First, queries against a schema where half the documents are version 1 and half the documents are version 2 could go awry. For instance, if you rename an element, then your query will need to test both the old element name and the new element name to get all the results.

Second, any incremental upgrade code must stay in the code-base until all the documents have been upgraded. For instance, if there have been 3 versions of a document, [1, 2, and 3] and we remove the upgrade code from version 1 to version 2, any documents that still exist as version 1 are un-upgradeable.

The tooling for managing/creating such an initialization or upgrade scripts in SQL ecosystem is very mature (e.g. Entity Framework Migrations)

While there are similar tools and homemade scripts available for such upgrades in the NoSQL world (though some believe there should not be), there seems to be less consensus on "when" and "how" to run these upgrade scripts. Some suggest after deployment. Unfortunately this approach (when not used in conjunction with incremental updating) can leave the application in an unusable state when attempting to read existing data for which the C# model has changed.

"The easiest strategy is to write an upgrade script."

is truly the easiest/recommended approach for static .NET languages like C#, are there existing tools for code-first schema migration in NoSql Databases for those languages? or is the NoSql ecosystem not to that point of maturity?

If you disagree with MongoDB's suggestion, what is a better implementation, and can you give some reference/examples of where I can see that implementation in use?

641

asked Mar 16 '18 22:03

jth41

1 Answers

Short version

Is "The easiest strategy is to write an upgrade script." is truly the easiest/recommended approach for static .NET languages like C#?

No. You could do that, but that's not the strength of NoSQL. Using C# does not change that.

are there existing tools for code-first schema migration in NoSql Databases for those languages?

Not that I'm aware of.

or is the NoSql ecosystem not to that point of maturity?

It's schemaless.
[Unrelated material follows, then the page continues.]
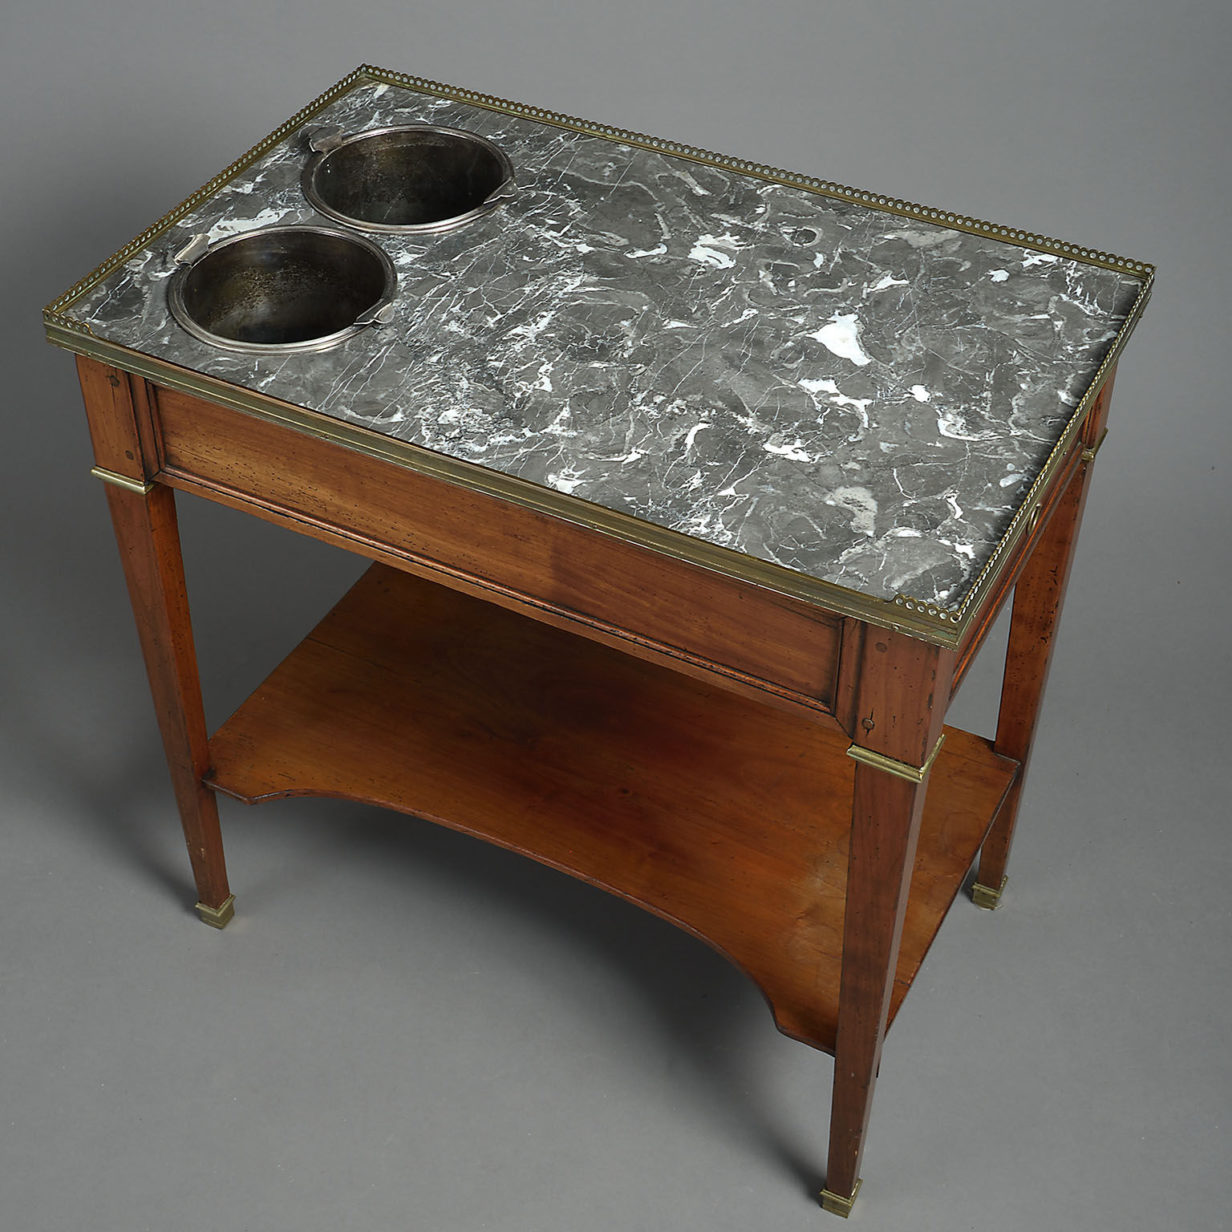 French 20th century fruitwood raffraichissoir or champagne table
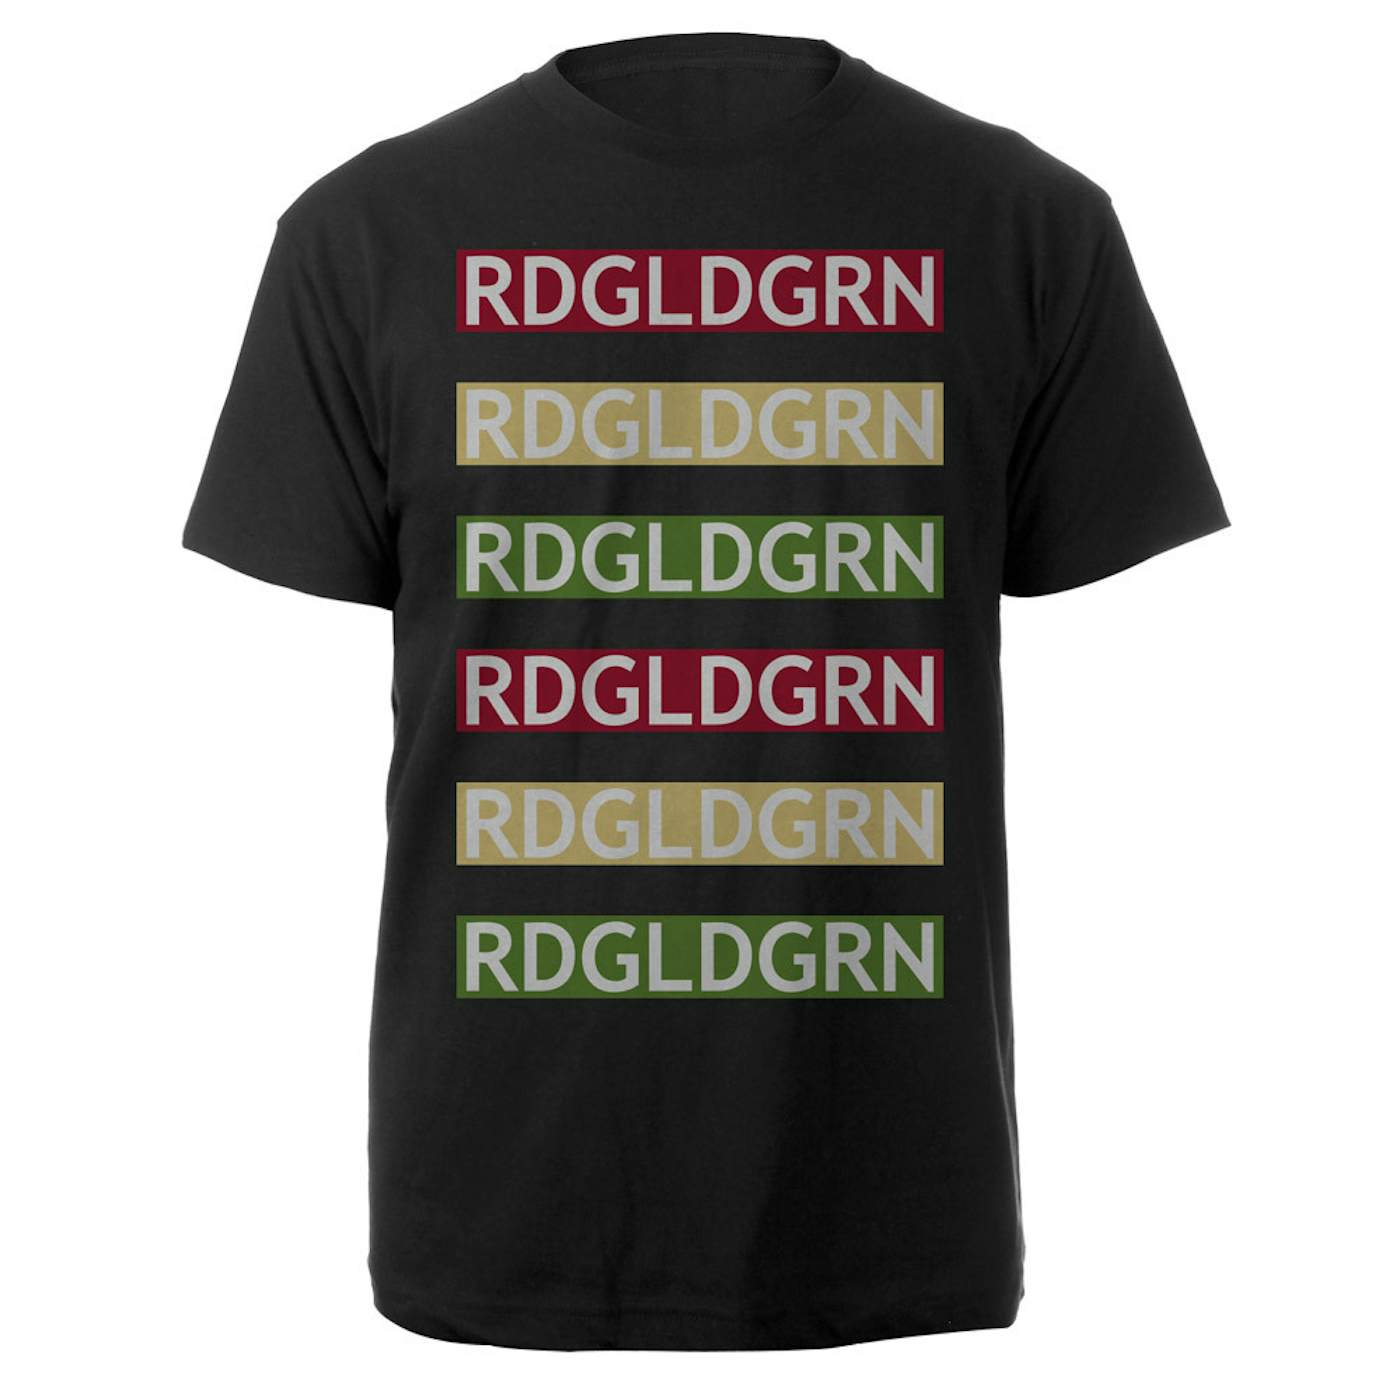 RDGLDGRN Black 6 Stacked Logos Tee

I don't think that's the goal or measurement of maturity.

Warnings

First off, I'm rather skeptical that just pushing an existing relational model to NoSql would in a general case solve more problems than it would create.

SQL is for working with relations and on sets of data, noSQL is targeted for working with non-relational data: "islands" with few and/or soft relations. Both are good at what what they are targeting, but they are good at different things. They are not interchangeable. Not without serious effort in data redesign, team mindset and application logic change, possibly invalidating most previous technical design decision and having impact run up to architectural system properties and possibly up to user experience.

Obviously, it may make sense in your case, but definitely do the ROI math before committing.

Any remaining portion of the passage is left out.